“There are cases of severe malnutrition, many of them were seriously injured during the escape and their injuries did not receive medical treatment,” the authorities warn.
United Nations experts have affirmed this Friday that nearly a hundred children are unaccounted for after the assault carried out in January by the Islamic State jihadist group against a prison in the Syrian city of Ghueiran, under the control of the country’s Kurdish authorities. Arab.
“We are extremely concerned because since the January 2022 attack, the whereabouts and fate of at least one hundred children remain unclear, which is a serious concern about their right to life,” they have stated, before stressing that “some of these cases can amount to an enforced disappearance.

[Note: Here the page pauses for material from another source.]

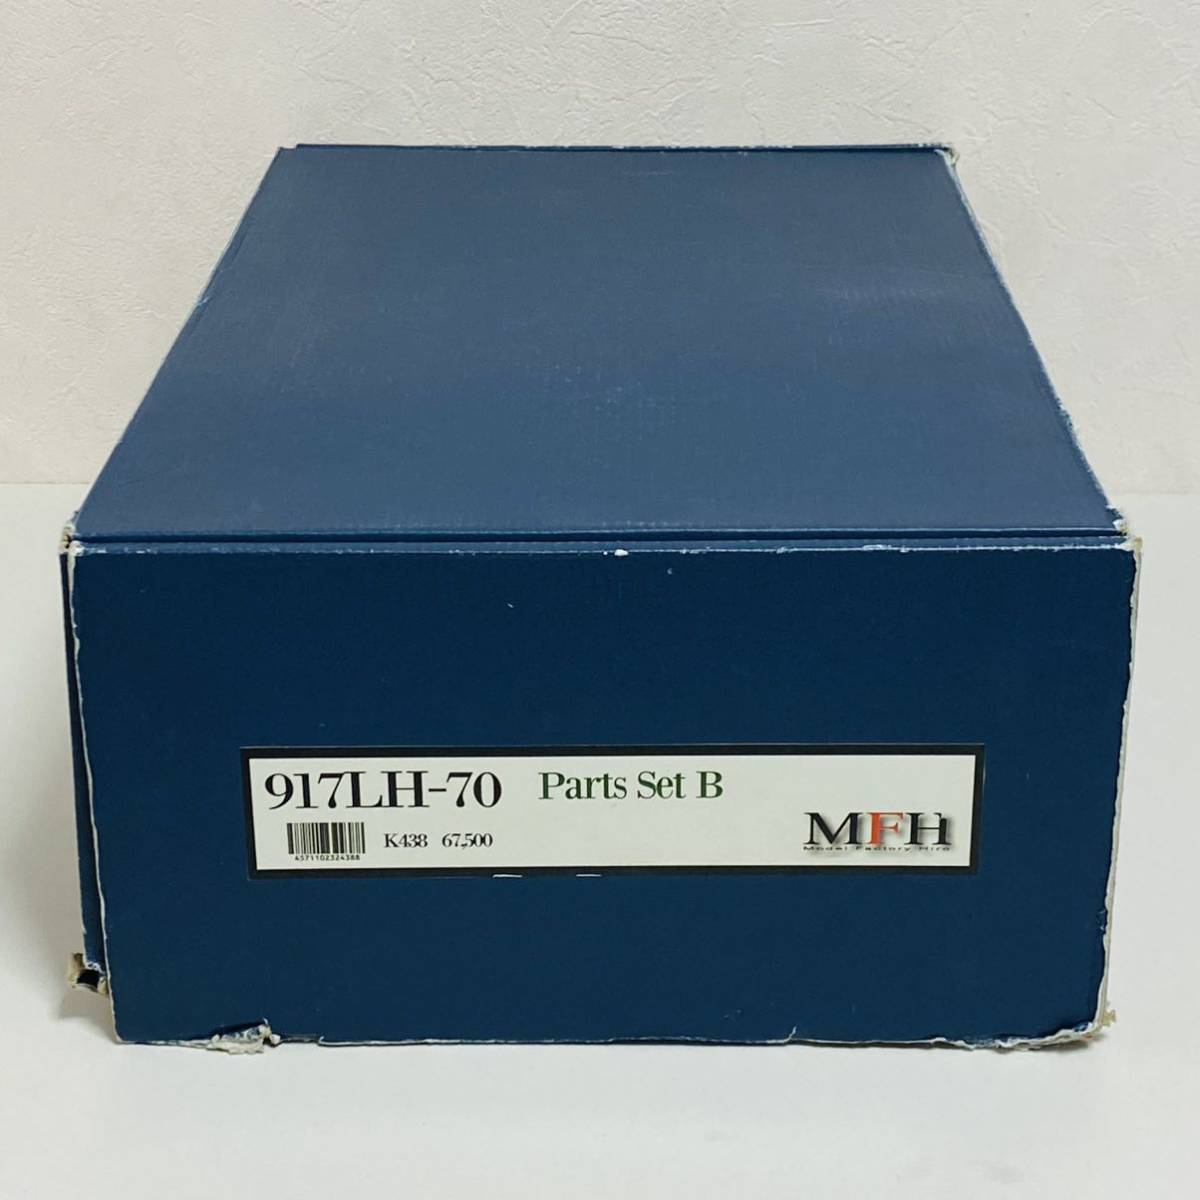 【未組立品】MFH モデルファクトリーヒロ 1/12 フルディティールキット ポルシェ 917LH-70 Parts Set B Ver.B K438

Thus, they have stressed that “the authorities in charge of the prison, who have been requesting the immediate repatriation of all foreign citizens, have received an almost impossible situation at the humanitarian, human rights and security level from third-country states” .
“Under International Law, however, it is up to them to carry out a prompt, transparent, impartial and independent investigation into the circumstances in which these children disappeared and publish their results,” they said, before stressing that “the damage to These children must be identified and those responsible must be held accountable to avoid impunity.”
In this sense, they have emphasized that “the states to which the nationals belong have clear obligations to protect these vulnerable children caught up in the conflict in the violence and they cannot avoid these obligations simply by ignoring the whereabouts of their citizens”.
The attack left 200 dead.
The experts have also expressed their discomfort at the lack of clear information on the number of minors imprisoned before the attack and have denounced that “the conditions of detention in the prison have worsened” since the attack on Ghueiran, which left more than 200 dead.
“There are cases of severe malnutrition. Many of the children detained in the prisons were seriously injured during the escape and their injuries did not receive medical treatment, “they have reported, while adding that the conditions of detention do not seem to meet the minimum set by international standards.
Specifically, they have detailed that the minors are held in overcrowded cells with between 20 and 25 people, in inhuman conditions and with limited access to drinking water, while the few previous contacts between the inmates and their families have been suspended.
“These children have already been victims on many levels,” they argued. “Many of them were taken to Syria by their families, while others were born there, in families allegedly linked to the Islamic State. They are injured and affected through no fault of their own and are being left behind in the face of an experience of disastrous and unending violence.”
“These children, mainly young people, are victims of terrorism and very serious violations of Human Rights and Humanitarian Law. They are considered guilty by association, discriminated against and punished. No attention is paid to their interests. They deserve protection and care, non-violence and abandonment by the international community”, they have argued.
For this reason, they have demanded that humanitarian access to prisons be restored and have stressed that it is a first step to determine the well-being and whereabouts of detainees. “All states and actors present in northeast Syria must ensure the protection of children and prevent them from further harm,” they said.
“Despite the recent attack on the prison, humanitarian assistance to arbitrarily detained persons cannot be understood or presented as material support for terrorism under any anti-terrorism legislation or donor agreement,” they stressed.
Finally, the UN experts have indicated that “an international solution must be found for the suffering of those who cannot be repatriated in line with international law.” “It is clear that the current situation cannot be reconciled with any position in which states are facing international threats to peace and security, including the fight against terrorism and violent extremism,” they stressed.